L’élu a fouillé la base de données du Pouvoir judiciaire et découvert qu’en effet, une procédure pénale avait été ouverte. Il en a informé ses homologues de l’exécutif. Puis, à partir d’août 2021, il a multiplié les consultations (24 au total) pour connaître l’évolution du dossier et savoir s’il y apparaissait comme prévenu. En mars 2022, il a enfin découvert que tel était le cas, l’a rapporté au Conseil administratif et en a parlé à son supérieur. Il a tout de suite admis avoir livré une information, par naïveté selon lui, et a regretté sa faute.

Le procureur général, pour sa part, relève que le dépôt de plainte, l’ouverture d’une procédure et les personnes visées étaient inconnues des parties.

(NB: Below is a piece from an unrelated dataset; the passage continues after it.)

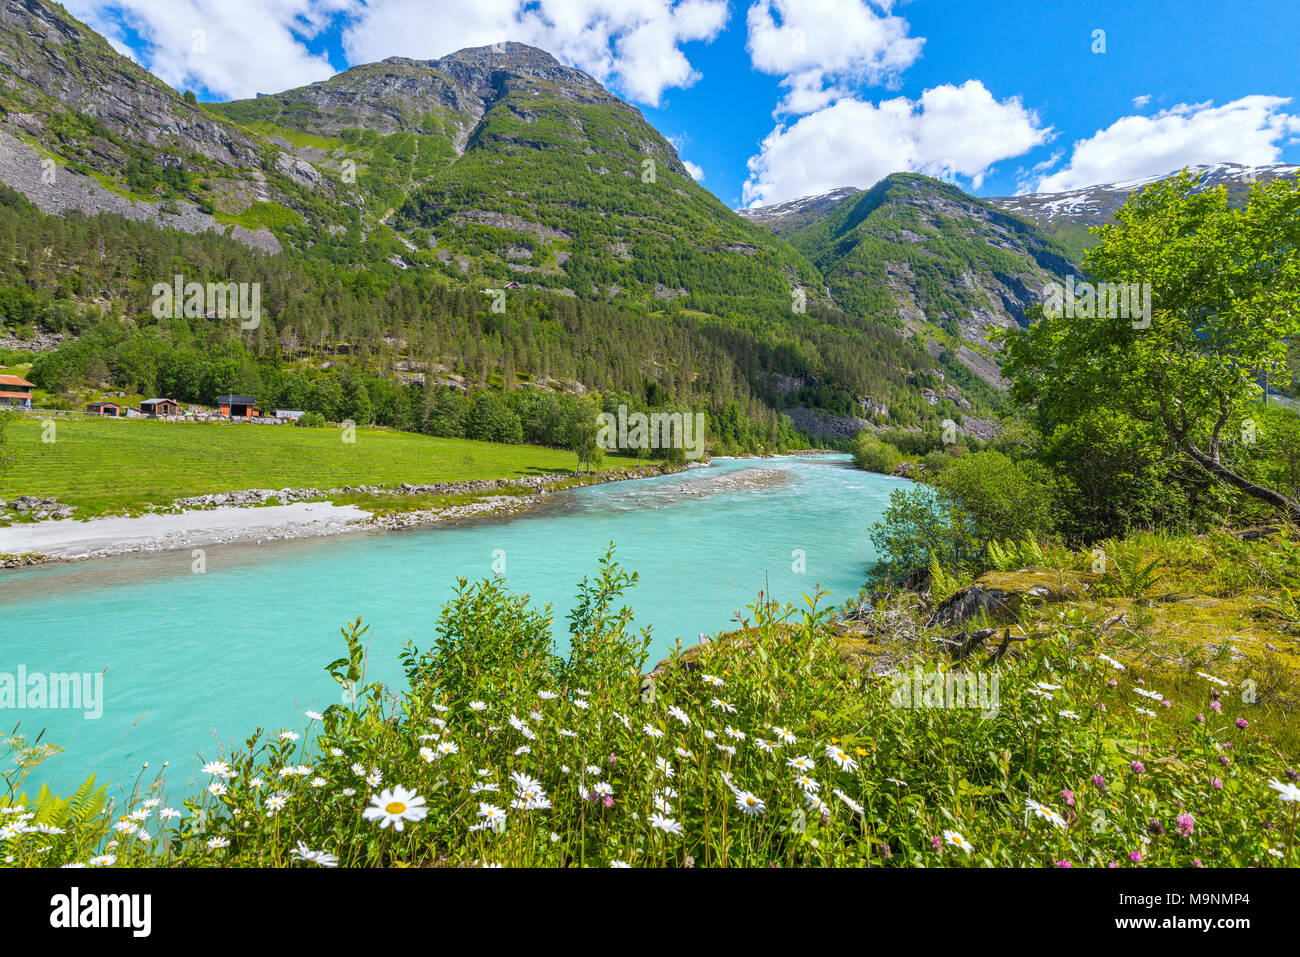 Fiori Selvatici presso la riva del fiume, Norvegia, paesaggio di Jostedalen con montagne e marguerites, Jostedalsbreen Parco Nazionale Foto Stock

Dès lors, «il apparaît que le Ministère public voulait le maintien du secret» et «qu’il existait un intérêt légitime, privé et public» que la qualité de prévenus des trois conseillers administratifs soit connue uniquement de la direction de la procédure: la violation du secret de fonction est établie.

Bisbilles au PLR en toile de fond

Des dissensions au sein de la section locale du PLR constituent la toile de fond de cette affaire. Le parti a exclu de ses rangs une conseillère municipale: il l’accusait d’avoir incité un tiers à publier sur un site satirique un texte diffamant clairement les conseillers administratifs. L’élue l’a toujours contesté, et a déposé plainte. Elle suspecte les membres PLR de l’exécutif d’avoir tiré prétexte de l’épisode pour l’évincer, en raison de divergences de points de vue, notamment en matière d’aménagement et de protection du patrimoine. Elle a finalement retiré sa plainte, refroidie par une procédure qui s’annonçait longue et coûteuse. «J’ai réalisé que bien que ma plainte soit tout à fait fondée, cela allait non seulement me coûter cher mais aussi aux habitants de la commune, a-t-elle dit. «L’exécutif avait tout loisir de poursuivre puisque son avocat est payé très vraisemblablement par l’argent du contribuable.»